It's a quaint custom we get a glimpse of in I Samuel, a relic from a distant past, something inconceivable to us moderns: the idea that Hannah and her husband should offer their first-born child to the priesthood in exchange for God giving them a child. Well, it's just... un-American, I tell you. We want to say, "Shouldn't the boy himself have some say about what he will be when he grows up and how he will serve God? He might want to be a shepherd or a tentmaker, or something the world needs even more - an honest politician. Why should he be thrown into the temple and raised to be a priest against his will? Isn't that just complicating things for him all his life as to who's the one calling him-God or his mother?"
Well, maybe. But let's look at the other side of the coin. Work with me here. Would you agree that the most important priority in time and eternity is the kingdom of God? And would you agree that the church is the chief agent of the kingdom in this life? And would you agree that the church thrives when it has many and able servants of the word of God to equip and enable the ministry of all the people of God? And would you agree that God would not leave the church without the leadership necessary for it to be at its best in the world?
If you answered yes to all these questions, then you must believe that God has called enough men and women in our time to serve as vocational ministers in our churches, right? All right, then. Why is it that only about five percent of Christian ministers in all Protestant denominations in North America today are under the age of 35? Is God planning an ensmallment campaign for the church of the 21st century? Has God quit calling people into the ministry, or did we hear Willie Nelson wrong? Did he really sing: "Mama, don't let your babies grow up to be preachers. Don't let 'em drink grape juice and baptize old drunks. Let 'em be doctors and lawyers and such." Well, judging by the number of young people applying to law school and medical school compared to divinity school, we're doing a pretty good job of directing our kids away from the ministry.
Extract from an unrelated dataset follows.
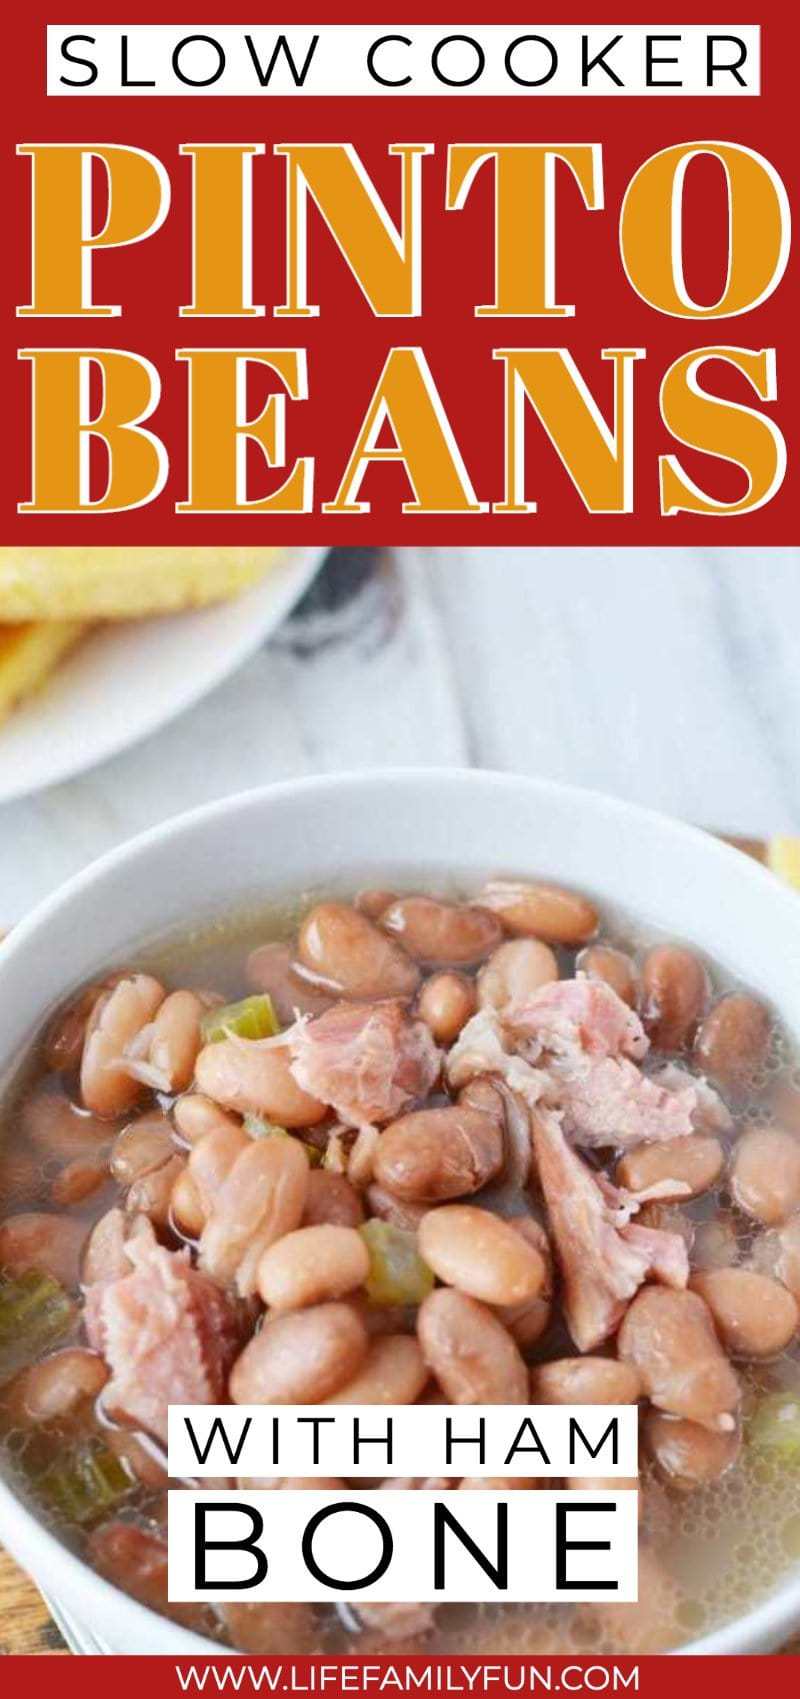 Slow Cooker Pinto Beans With Ham Bone - A Southern Favorite Recipe

Now you could say that the church hasn't needed any help directing young people away from career ministry. We've done a good job of looking like the last place young people might want to land. Scandals and slanders left and right, from the left and from the right, infighting and backbiting, too tight on some things and too loose on others, too out-of-date in some ways and too up-to-date in others, too worldly and not enough at the same time. We get it wrong in lots of ways.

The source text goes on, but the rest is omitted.